Badness recognizes badness.

Sorcha’s old man goes, “One of the chaps said, ‘This daughter of yours must have been a very socially aware child?’ Writing letters to Mandela at – what were you, Sorcha?”

“Eight.”

“Eight! Exactly! I told him you spent your Communion money on your very first subscription to Amnesty International. Do you remember that?”

“I do.”

“But what an extraordinary man this Mandela chap was. While overseeing the process of transitioning a country from minority to majority rule, he still had the time to go back and thank the people who helped to inspire him when he needed it.”

I try to change the subject. “And he’s left us with a great movie called Invictus,” I go, “which I bought for Sorcha on DVD two Christmases ago. And speaking of rugby, did you hear I’m back coaching again? In the famous Institute?”

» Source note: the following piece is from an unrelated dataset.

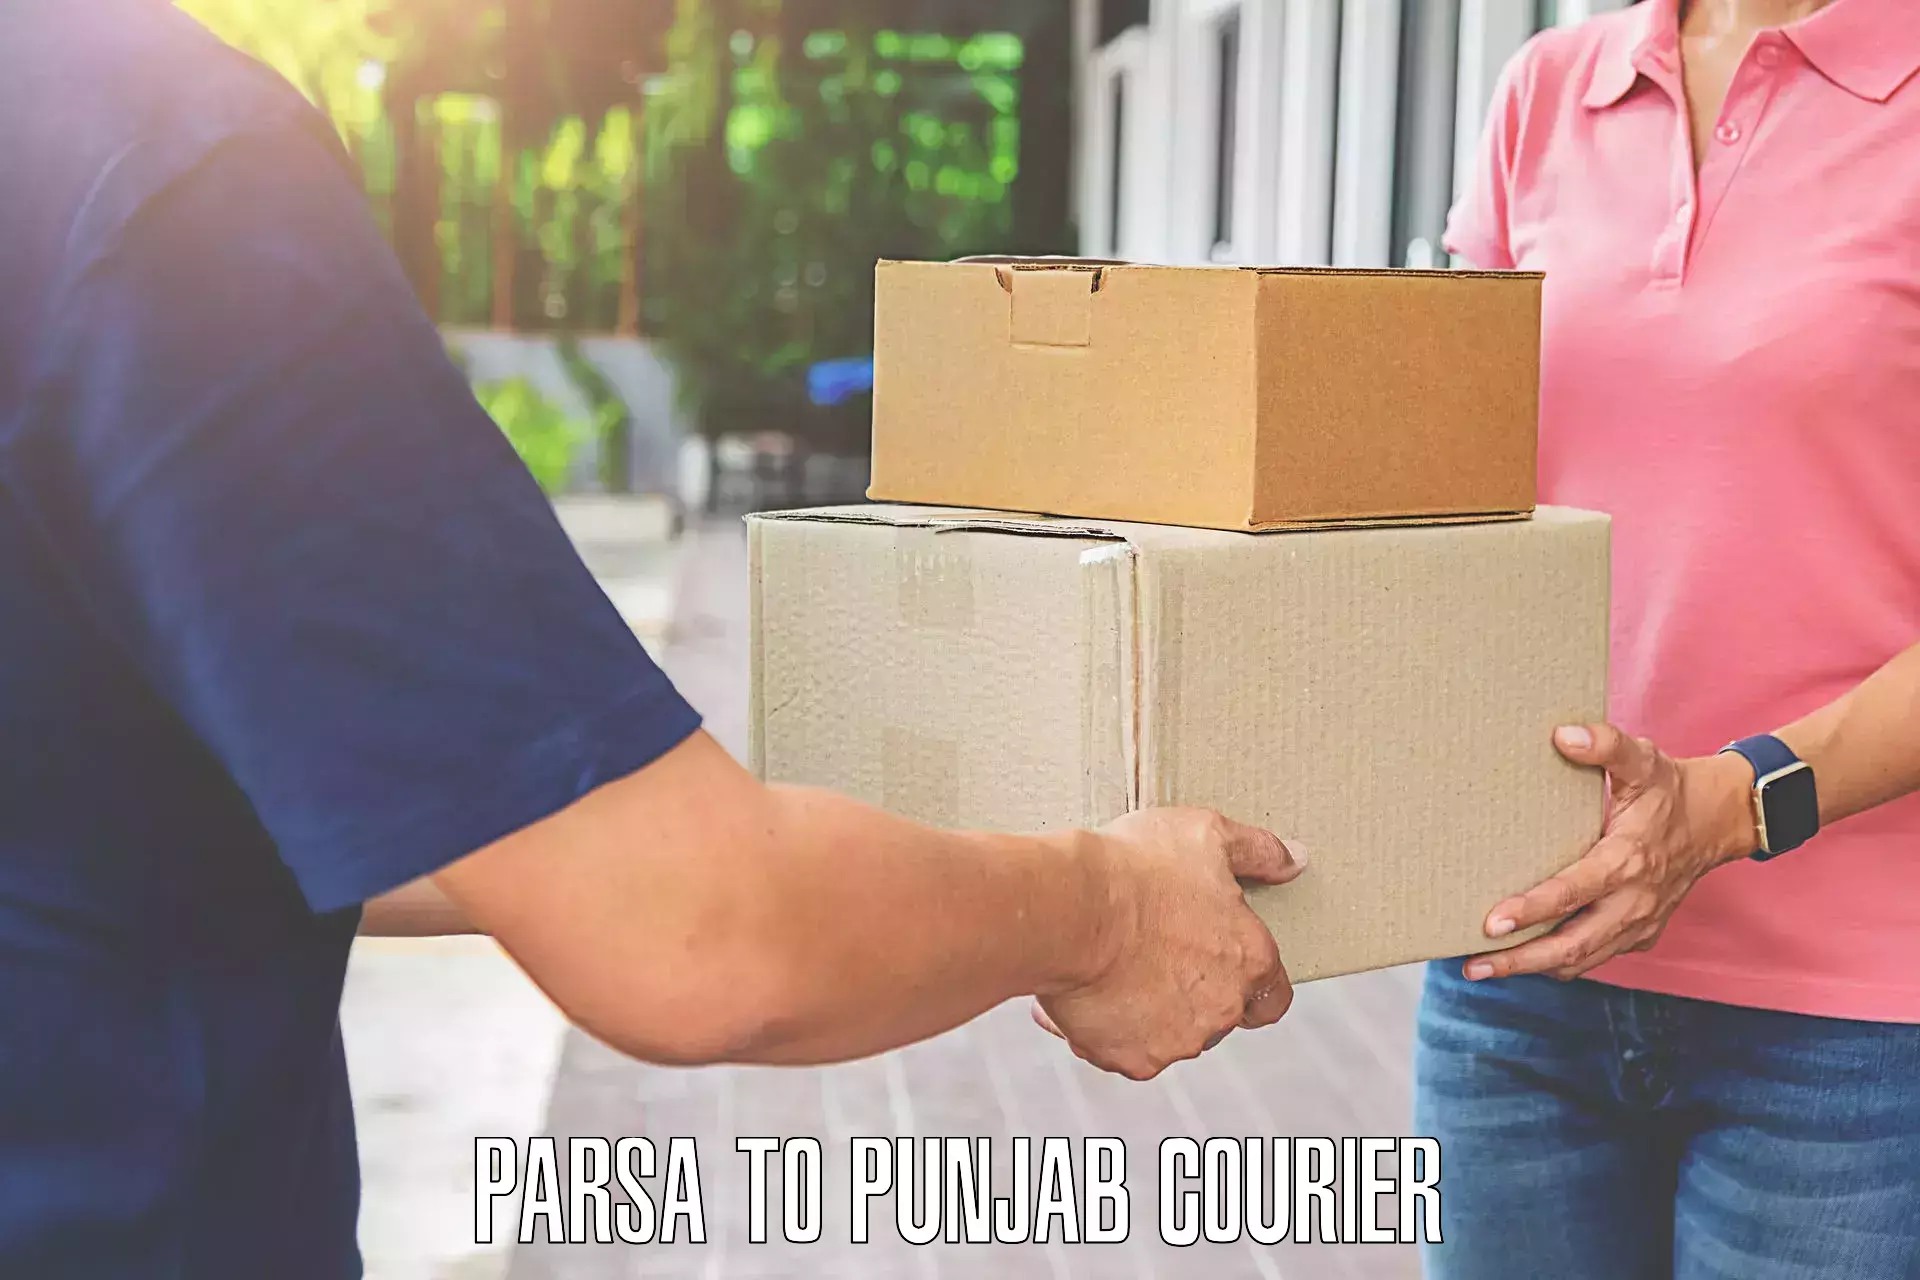 Same day luggage service Parsa to Punjab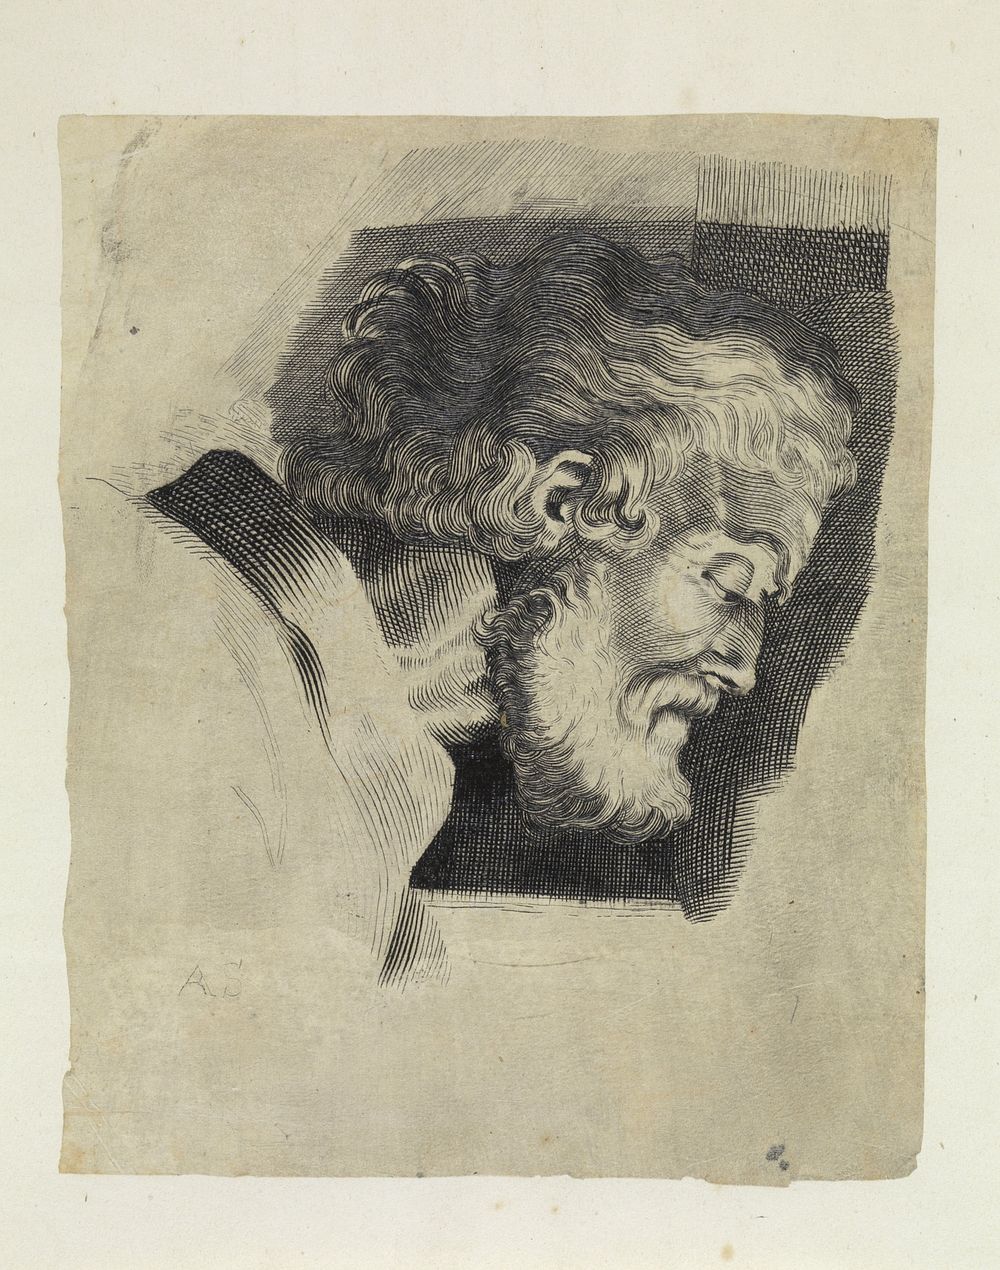 Kop van een grijsaard en profil (1831 - 1904) by Arnoud Schaepkens

He looks at me like I’m something he walked in while wearing his good John Lobbs. “This conversation isn’t about you,” he goes.

See, he hates rugby almost as much as he hates me.

“I’ve storted re-reading Long Walk to Freedom,” Sorcha goes, “and I’ve had Graceland on in the cor all week.”

Honor is still staring at me with a big grin on her face.

The old dear is like, “That’s wonderful!” because they’re one of those families. Positive reinforcement for every little thing.

“What are you all looking so miserable about?” a voice suddenly goes. I look up and I get a fright that almost stops my hort. Oisinn is standing over the table, absolutely mullered, wearing a paper crown. I don’t even know who he’s out
with. “It’s supposed to be
Christmas!”

Sorcha goes, “Hi, Oisinn. We were just talking – well, reflecting really? – on the life of Madiba.”

I try to will Oisinn’s mouth shut. I’m thinking, ‘Don’t say it, Big O! Do not say it!’

But then I see this flicker of, like, recognition pass over his face. And he goes, “Hey, do you remember that April Fools Day about 10 years ago when Ross got me to ring you pretending to be him?!!!”